I tried cut cut croaker at sykes last week and it did well for me with white trout and whiting/ground mullet. was wondering which is better in your experience or is it a flip.. 
reason I don't use shrimp is it doesn't stay on the hook as good and all the little fish like to pick at it. 

i did catch a nice ground mullet on the shrimp though but if you run into a school of pinfish they will pick you dry

i think next time i go i will hit the bait shop for frozen croak or pinfish rather than waste time catching them first. this way i can get straight to fishing .. i'm assuming all the local bait shops carry frozen croaker and pins correct? do they happen to carry them fresh dead?


----------



## MrPhoShiz (Sep 22, 2010)

if i fish the bridges i usually use artificials or squid. rarely do i ever use cut bait anymore. im not sure if they carry croaker or pins frozen but i never looked.


----------



## Jason (Oct 2, 2007)

I use squid, then catch croaks/pin/whites and if I get into a bind then cut them up....


----------



## flex (Feb 26, 2013)

squid is a good idea. it would stay on the hook pretty well.. will give that a shot. 

i've read white trout love squid as well.. what are you guys experiences with that? 

and i'm assuming the bait shops carry it.

thanks for that tip, i didn't even think about using squid.. i always see people using shrimp or cut baitfish. best advice i've seen on here in a while


----------



## Fritz (Oct 22, 2012)

I notice pinfish have really tough skin compared to most so the bait seems to stay on the hook REALLY well if that's your goal. 

Squid is too stinky for me.


----------



## flex (Feb 26, 2013)

Fritz said:


> I notice pinfish have really tough skin compared to most so the bait seems to stay on the hook REALLY well if that's your goal.
> 
> Squid is too stinky for me.


the pinfish tear up my shrimp so i will put on a small hook and catch a bunch of them to use for cut bait .. they were so thick at 3M one time that i would use cut pinfish and was still catching pinfish with it.. they even eat their own kind, those things are hungry little boogers.

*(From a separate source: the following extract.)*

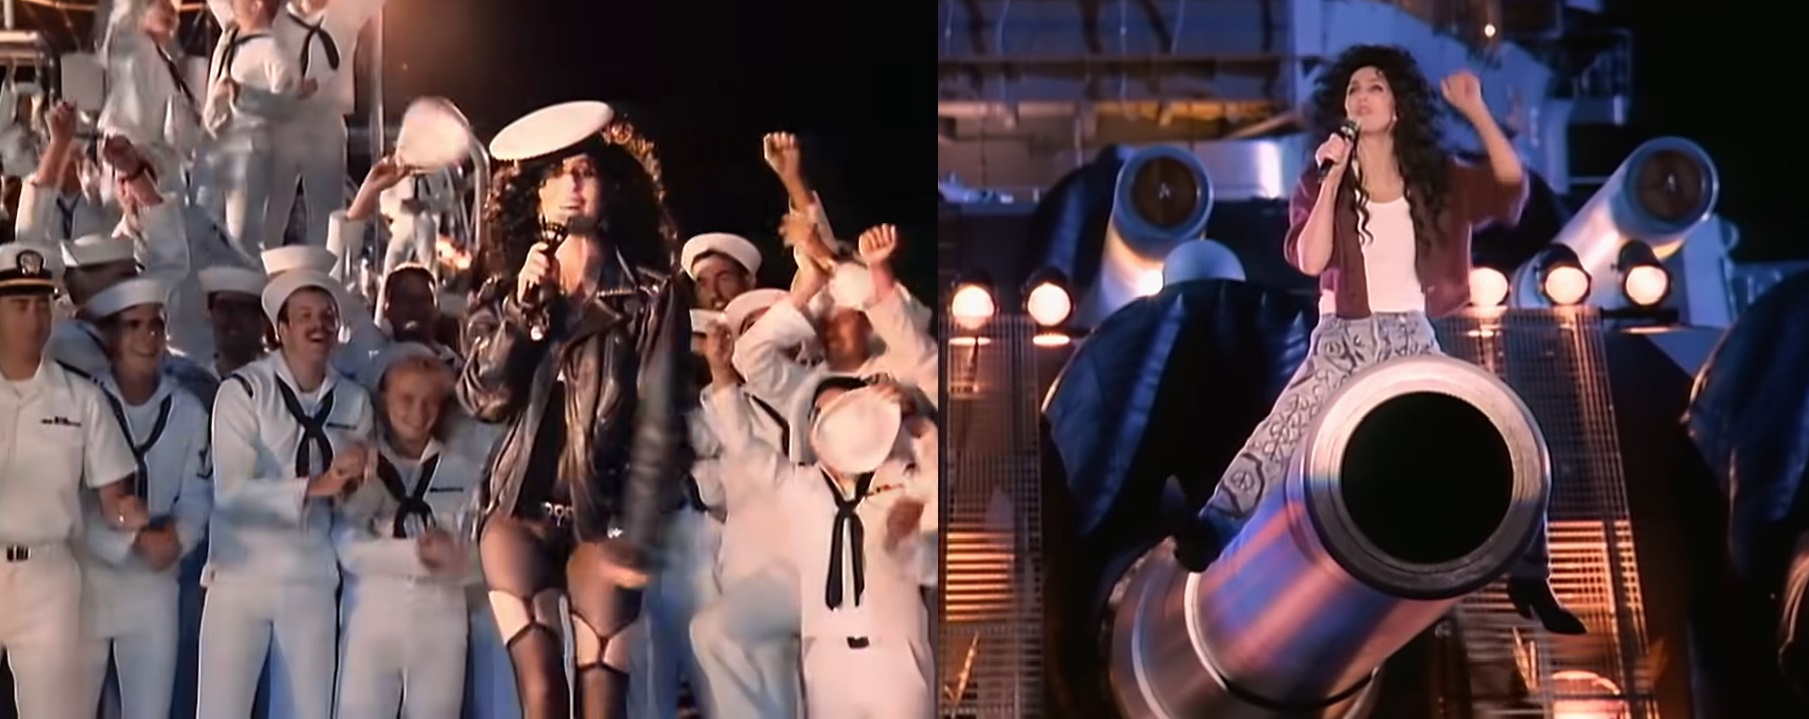 Η ημίγυμνη εμφάνιση της Cher στο ιστορικό θωρηκτό Μιζούρι, ήταν η απάντηση του ναυτικού στο Top Gun. Αποδείχθηκε φιάσκο

i have found putting on a size 6 hook and using cut baitfish is effective if you run into these guys.. also raising the hook higher off the bottom and then leaving the rod on the rail so you don't feel all the nibbling.. once you hook a white trout it will give your rod a nice bend.. if you hold the rod you will feel a lot of nibbling


----------



## Fritz (Oct 22, 2012)

flex said:


> i will put on a small hook and catch a bunch of them to use for cut bait ..


Before I bought a bait net I used to ask the mullet guys if they could throw the net out once or twice for pinfish/bait if they looked bored.


----------



## jmiller2502 (May 31, 2013)

FYW squid works extremley well for white trout and sikes and the occasional whiting get a size 1 or 2 circle hook and put it on there i use to use a size 3 which is pushing it lol


----------



## Jason (Oct 2, 2007)

You can get squid at Wallyworld....and yes white trout love it!!! They also love eating their own as cut bait!


----------



## flex (Feb 26, 2013)

the whiting aka ground mullet were hot last weekend there.. i hope they like squid as well. either way i'll be happy.

when the tide changed directions the fishing died. its really remarkable how tides control fishing

i'll let you fishing degenerates know how I do.. planning on going there in the morning either sat or sunday.. i'm the guy with the white dog that barks everytime someone catches a fish


----------